An interview with Emma Doyle

Emma Doyle is a Senior Account Manager at Ovia Health. She’s passionate about destigmatizing menopause at work and beyond the workplace. She lives in Rhode Island with her teenage daughter, two dogs, and three cats. 

Can you tell me a little bit about your menopause experience?

I started perimenopause about two years ago with minimal symptoms. Currently I am experiencing all the symptoms: hot flashes, bloating, weight gain, headaches, changes in my cycle. I feel aches and pains in my joints, tiredness, mood swings, anxiety, and generally just feel crappy on some days.

You don’t get prepared for menopause and we just dont talk enough about this stage of life. It’s an emotional time because you’re getting older and you have all these things happening to your body. 

I was fully expecting the hot flashes and cycle changes, but the overall feeling that I have on a daily basis, I did not expect. It’s hard to describe, because you know that you are not sick, but you feel very off. It’s like having extreme PMS all the time.

I am also a single mom of a 16 year old daughter and I do strongly feel that my symptoms affect the way I parent. She is at the beginning end of all this — she got her cycle a few years ago —  and is adjusting to hormones, driving, and teenage stress. So we’re both having mood swings for different reasons, which can be a challenge. 

So in a way you’re seeing the mirror image of yourself in your daughter’s experience.  

Yes. Teenagers can be emotional and I sometimes feel like I’m very reactive. If I wasn’t going through menopause I feel like I would be more laid back. Parenting a teenager makes you feel more alone and I’m also preparing myself for her to leave home. I’m going to have that empty nest and start another chapter. 

People told me when I got divorced that I really needed to really think about myself. But I made my daughter my main focus my entire life. I built everything around her and I feel like I missed nothing. If I had to do it all again I would do it all the same, but now I’m at the point where I know I need to invest in myself. 
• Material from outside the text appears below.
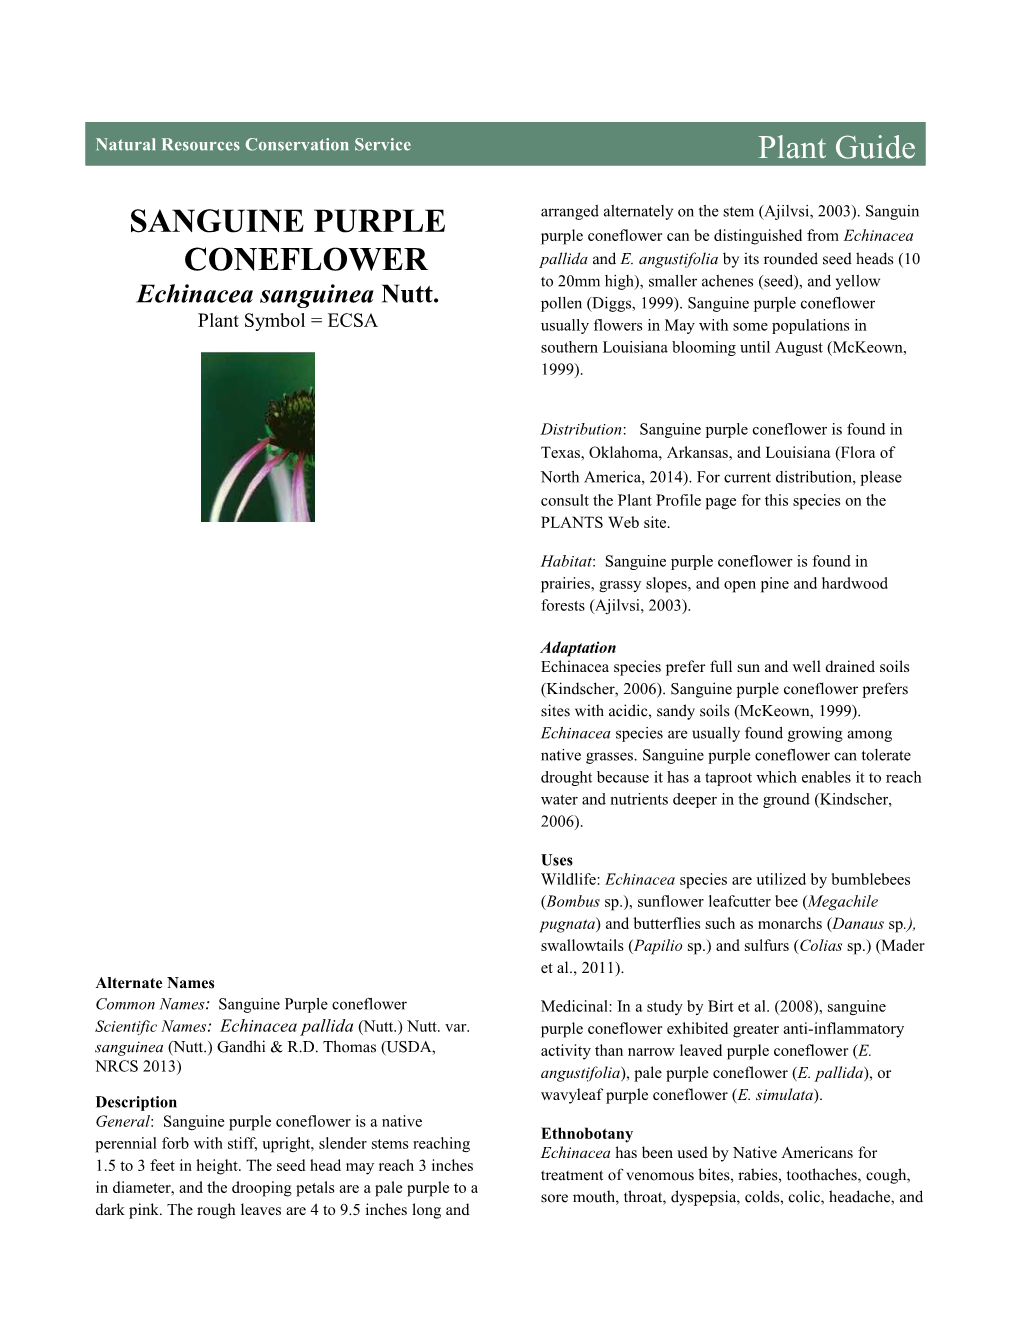 Sanguine Purple Coneflower (Echinacea Sanguinea) Plant Guide

How’re you investing in yourself now in ways you maybe didn’t before?

I joined a gym four months ago and I go every day after work. It’s another whole community! I was so nervous to go and about whether I’d be doing the exercises wrong, but it’s just been the best thing I could have done for myself. I feel so much better. My symptoms have really improved.  

That’s amazing to hear. Many of us struggle to start an exercise or movement routine even if we believe it will make us feel better. Do you have any advice for someone struggling to get started?

It started for me because I was starting to have pain — my body was just feeling different and I knew it was time to make a change. 

But I was so nervous to go. On the first day I went, I obsessed about what I should wear. I bought new sneakers. I sat in the parking lot outside the gym for a long time. When I finally went in, I just did the exercises I was comfortable with (the treadmill or the bike). And then looking around I started to notice that there were so many people much older than me there. I was inspired by them! They were in such great shape, slowly walking on the treadmill or chatting with friends, and I thought if they can do it I can. I track my exercise too which helps me feel really motivated. 

I go after work to de-stress and find some release. I feel great when I come home and I sleep so much better. Once you start to feel better and see all those positives, that’s what keeps you doing it. 

If I wasn’t going through this or feeling these symptoms, I probably wouldn’t have joined a gym or realized how much I loved exercise. If you told me a year ago that I’d be going to the gym almost every day I would have told them you’re crazy. 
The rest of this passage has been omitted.